I can tell the meds are starting to work. The suicidal thought are much less frequent and have no power. They are just thoughts, not urges. I am having a tough time telling if I am happy with this dose or if I want to try for an increase. The doc will call soon to ask me that. I keep hoping to somehow know one of these days lol. So far no bolts of insight though.

My husband and I seem to have worked through the worst of our issues. Thank goodness. We have invested too much in eachother, our lives together and this marriage to lose it all now.

My face is sooooo swollen. Soooooo swollen. I keep icing it and using ibuprofen but its still awful. People give me funny looks lol. I look like I got hit by a truck nose first. Feels about the same too lol.

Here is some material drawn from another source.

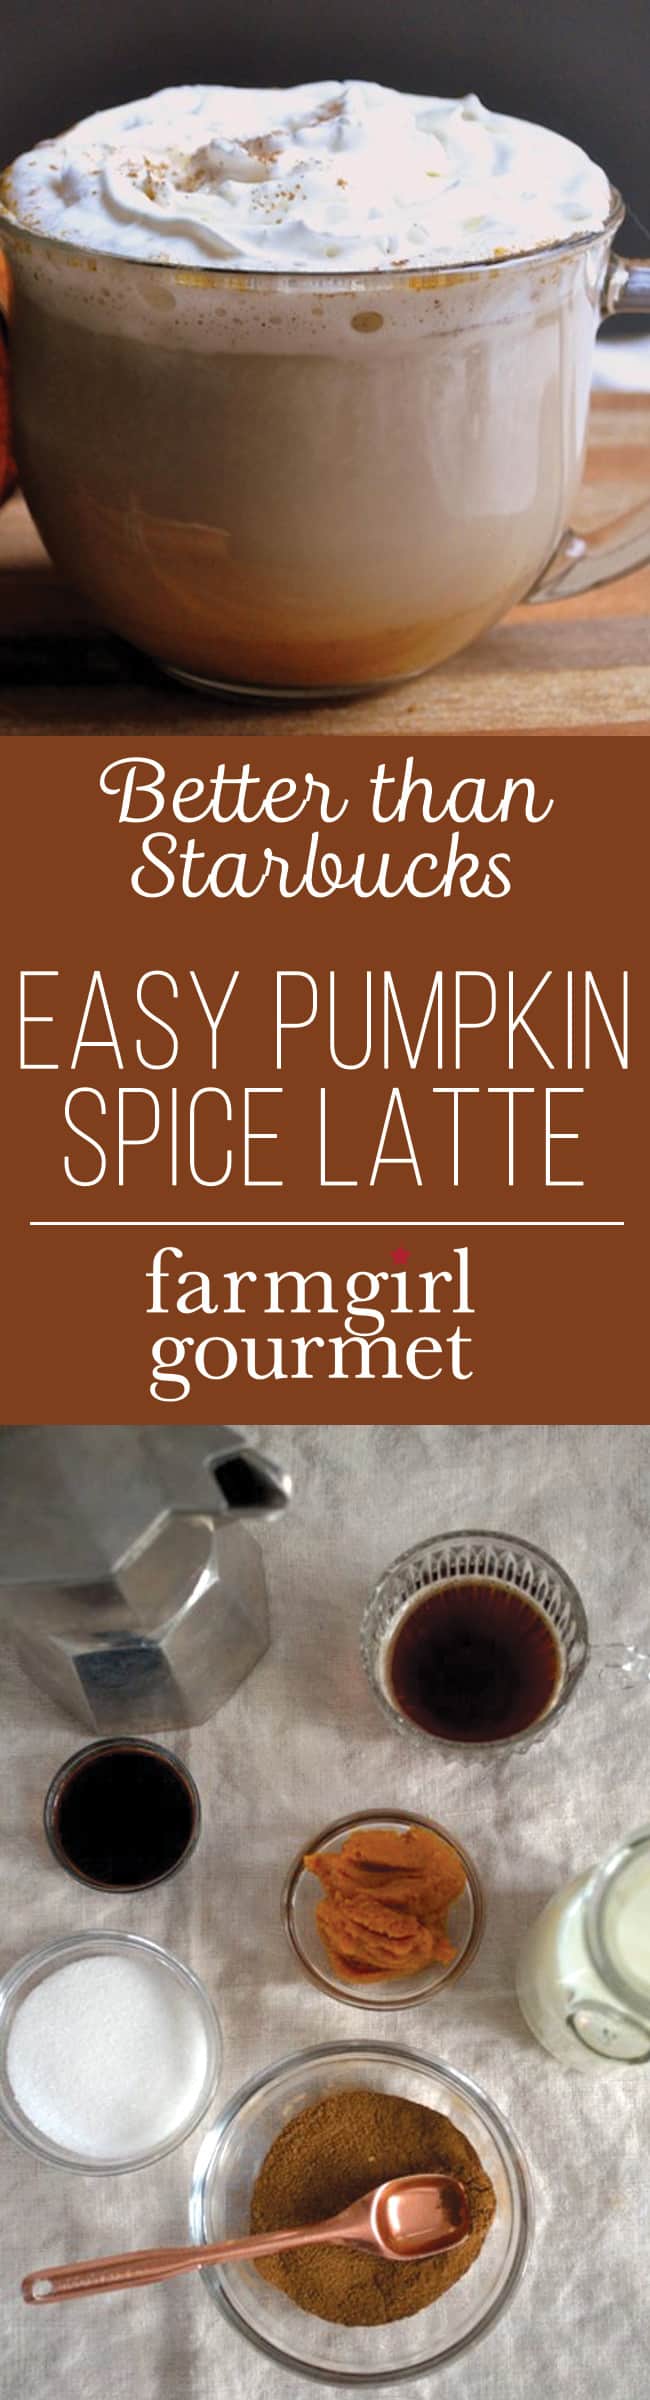 DIY Pumpkin Spice Latte | farmgirlgourmet.com

Tonight, the lady that I am staying with….her husband comes home from the hospital (back surgery). My kids, me and her 15 year old son cleaned up her house today. Picked up, vacuumed, scrubbed bathrooms and floors, counters, garbages emptied. I didnt want her to have to worry about cleaning for a while. I also made some lasagna and put it in there freezer for later. So she can thaw it, bake it and have a hassel free home cooked meal.

I cant go back to Colorado until after Monday. My oral surgeon wants a follow up appointment on Monday. The kids old homesschool group has a class Tuesday so they want us to stay one more day. Maybe we will get to go home Wednesday then. I am homesick and so very ready to go.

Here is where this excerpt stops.